I also object to that “near”. The Obama administration never gave any sign of being less than totally loyal to its owners.

I agree that heavy American pressure is essential if Israel is to be forced out of the West Bank.
Motion at debate at Oxford University last month: “Israel should withdraw immediately from the West Bank”.

Excellent points, all of them–but delivered to the wrong address. Netanyahu–and most Israelis, it must agonizingly be admitted–are impervious to such arguments. The much more important audience would be Congress and Obama

This entire argument is meaningless for the following reasons:

1. Both Obama and Congress get their marching orders from the Netanyahu and from the Israel Lobby. Twenty-seven standing ovations.

2. The majority of Jews in the US and in Canada couldn’t care less about the occupation or the abuse of Palestinians. As such, both they and the Lobby are obstacles to justice and peace.

Thus the only effective way to resolve this is to boycott Israel and make it clear to Jews outside Israel that they are no longer part of the debate, they are irrelevant and ineffectual. They are aiders and abetters who cannot be swayed.

If you want to change them, you’ll have to change the way Judaism is taught in every household in the US, where Israel is seen as an intrinsic part of every Jew’s identity.

Seeing as you cannot do that without waiting generations and spending countless resources on education and de-programming, it is far more cost-effective to ignore Jews in the US, exclude them and explain to them that this is no longer an internal Jewish conversation.

On a seriousness scale of 1 to 10, your suggested solution rates at a poultry 3, whereas mine is far more serious, coming in at a solid 9.

Clearly, you need to give your ‘solutions’ more serious thought.

Jerome Slater:

Thanks for posting this piece.

You write that the rabbinical students, rabbis, cantors, etc. are wasting their time appealing to Netanyahu, and instead ought to be appealing to the US Congress.

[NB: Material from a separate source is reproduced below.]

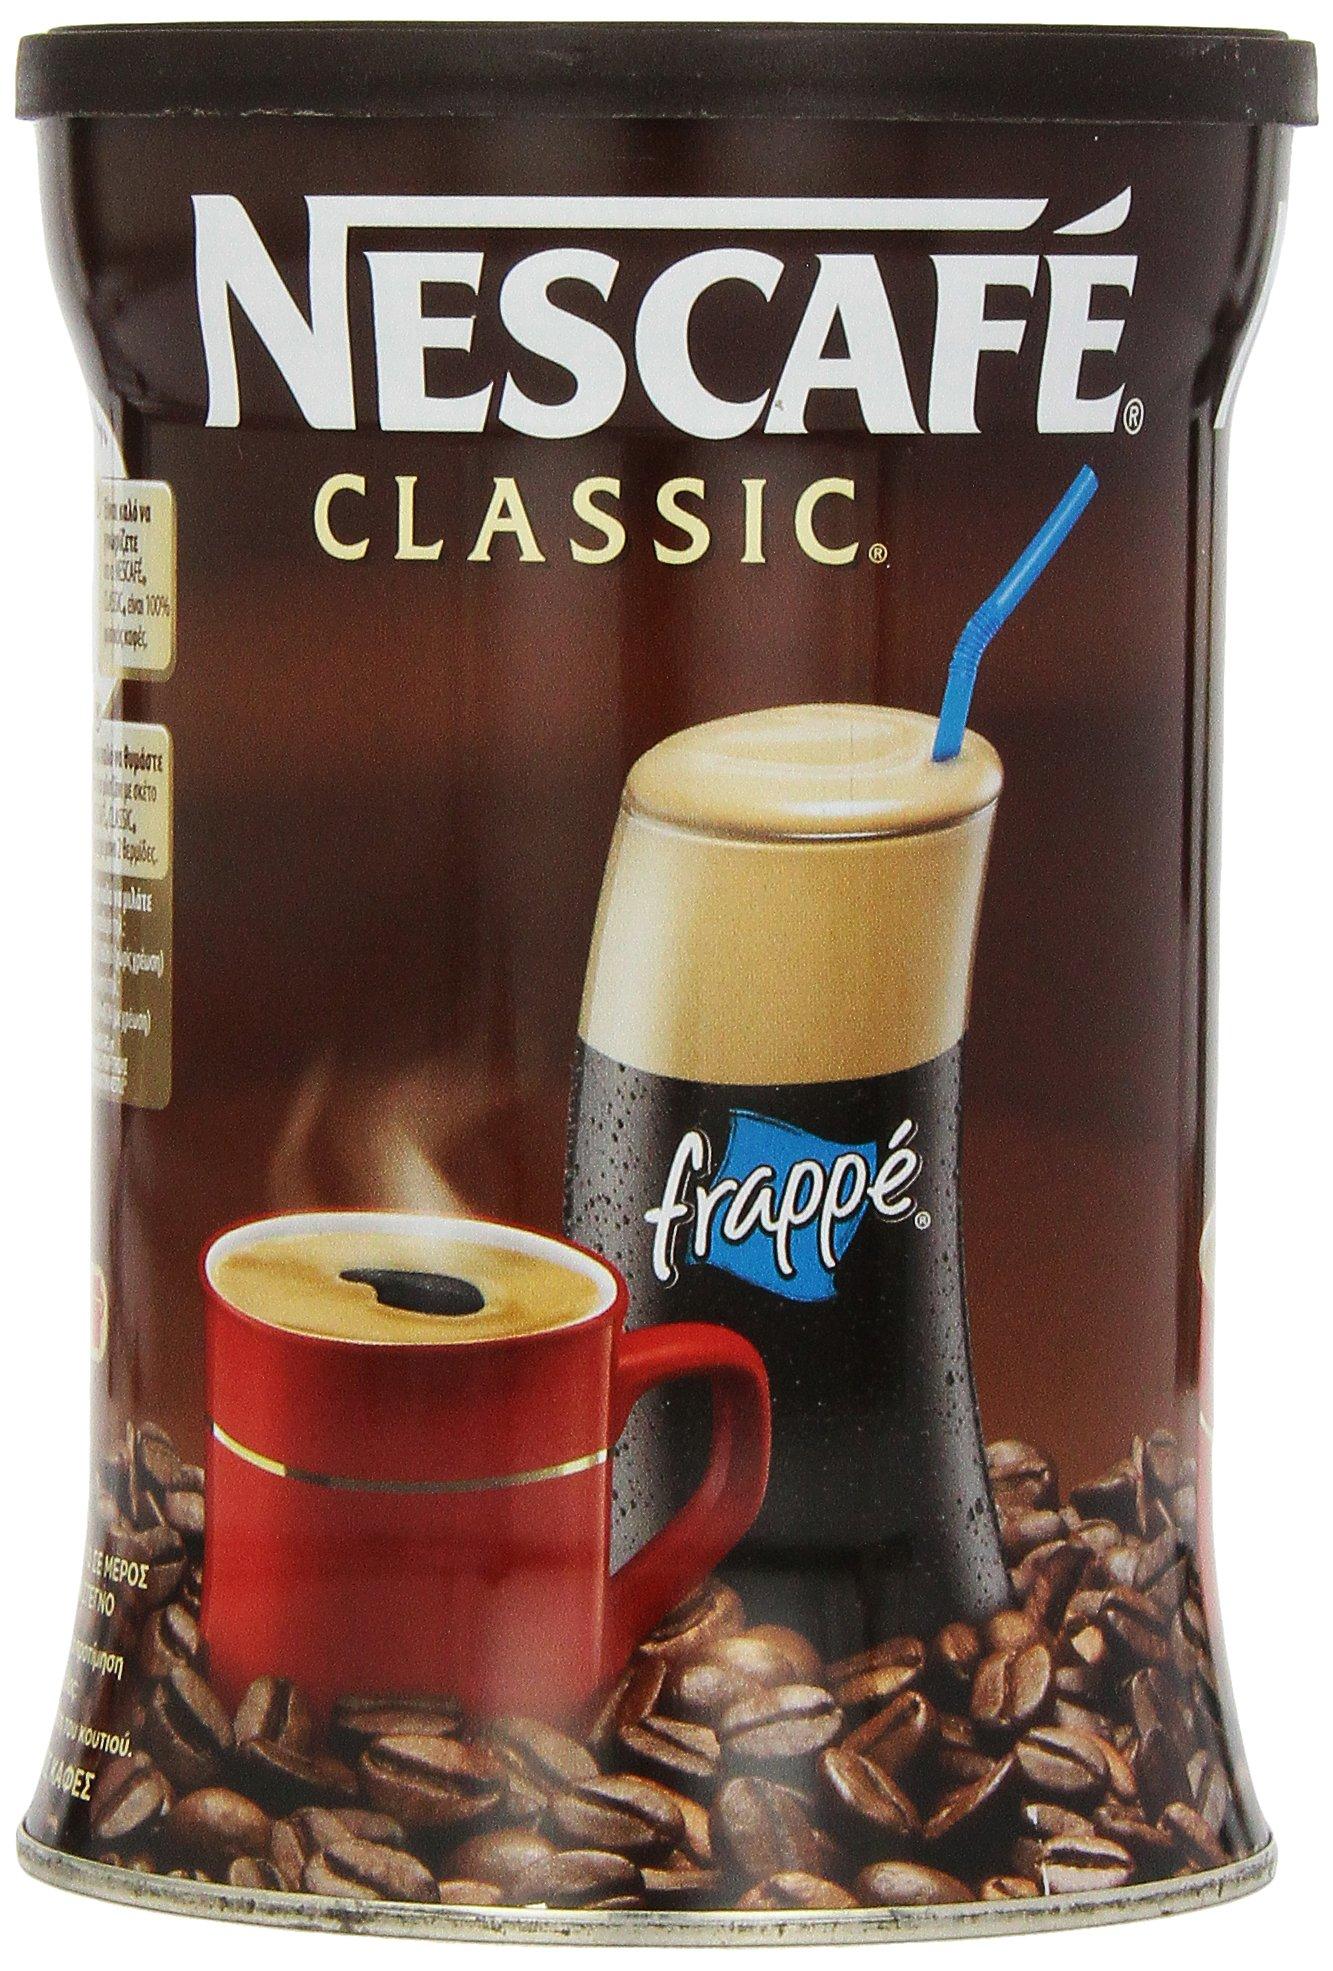 Nescafe Classic Instant Greek Coffee, 7.08 Ounce
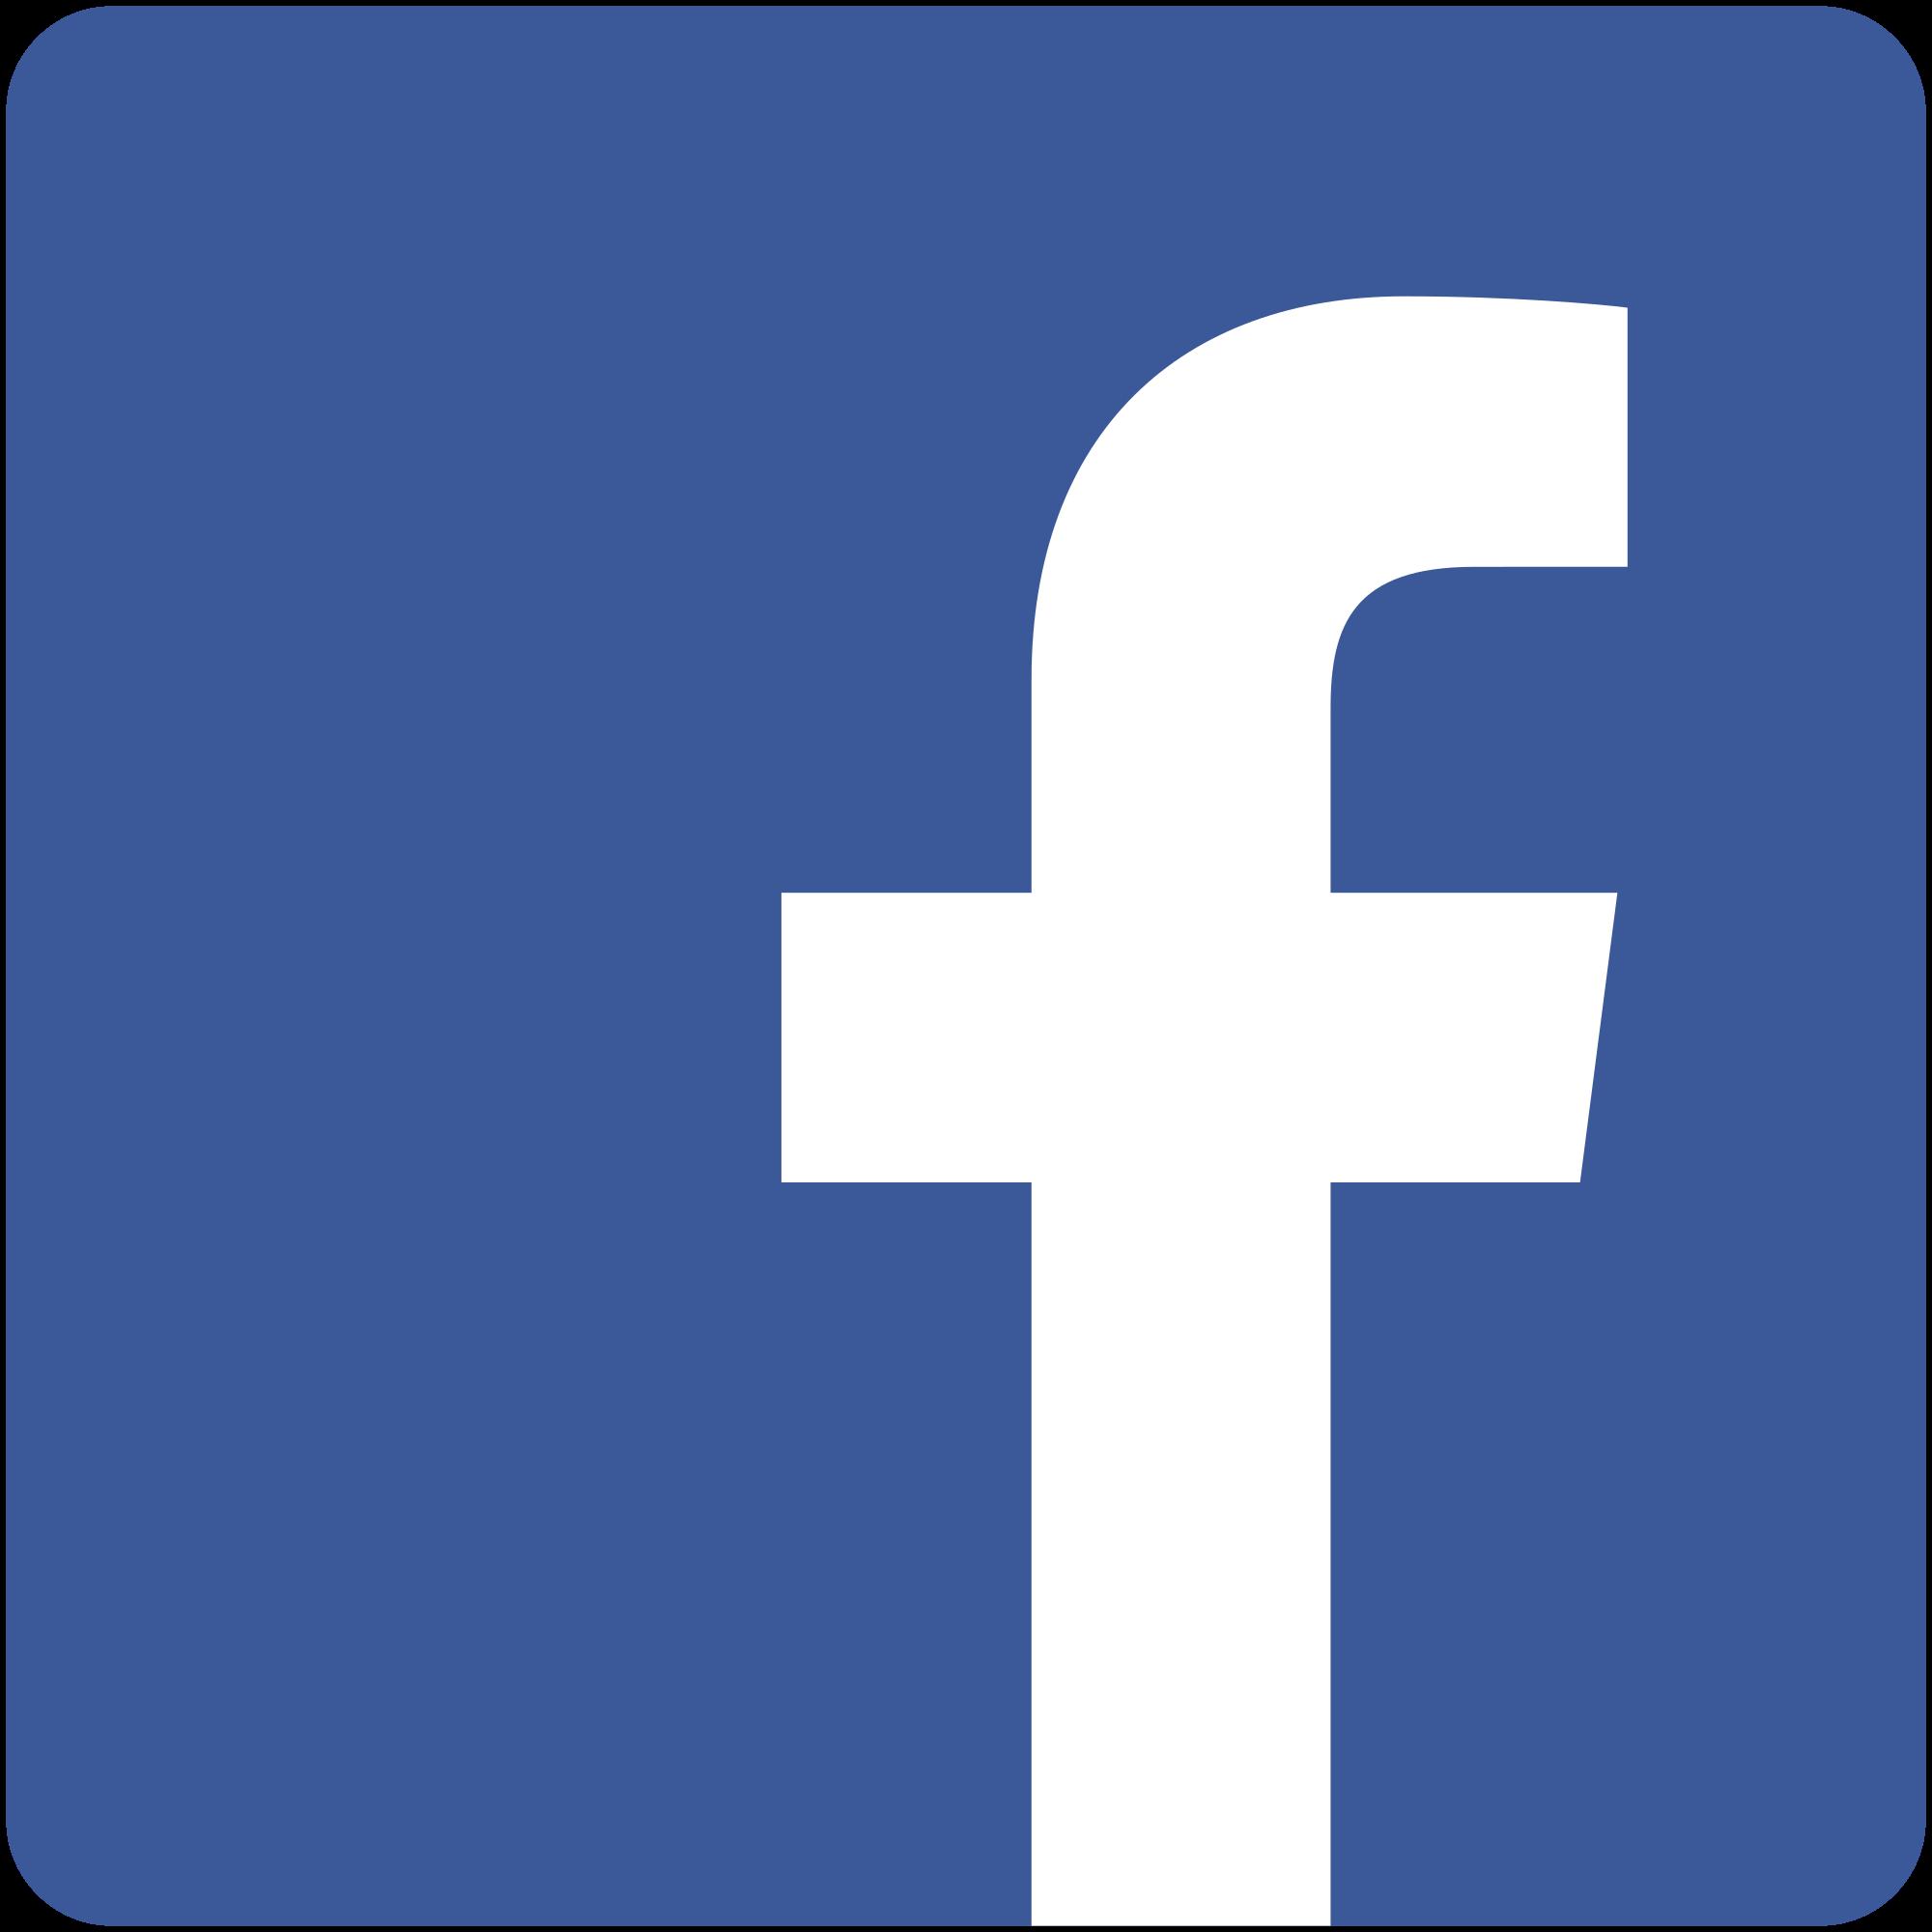 My Web Design Facebook

Maybe. But why not urge them to talk to the Palestinians directly? I’ll bet very few of the rabbinical students (and rabbis, cantors, etc.) have had a serious talk with Palestinians. Ever.

It’s a VERY segregated situation over there. I think it’s much more segregated than the Old South (pre-civil rights), when southern whites often had black servants inside their homes for many hours every day. (How many Israeli Jews have Palestinians domestic servants? Hardly any).

What would the Palestinians get out of person-to-person talks? They might be regarded as human beings by Israeli Jews. And that would be a step forward.

The situation now is that the Palestinians are so thoroughly ghettoized, so exclusively closed off, that many Israeli Jews don’t think of Palestinians as human beings. And that gives the Israeli ruling class a blank check to kill Palestinians (e.g., Operation Cast Lead).

“In short, the letters, the protests, the lobbying of concerned American Jews must be focused not so much on the Israeli government, but our own. Now there would be a true “Jewish Lobby” worthy of our support.”

They would have to demand the US cease ‘all’ support of Israel for Israel to have any incentive to change…that’s the truth.
Are they willing to do that?
I don’t think so.
I’ve said this before….the US Jewish Lobby demanded US support of Israel…they asked for it and they got it……now they’ re stuck with it and so are we.
They never should have started this, it’s been a disaster for the US, for Palestine, for everyone involved, and I’m pretty certain it’s going to be a disaster for Israel in the end.

”Principiis obsta, Finem respice”—‘Resist the beginnings, Consider the end.’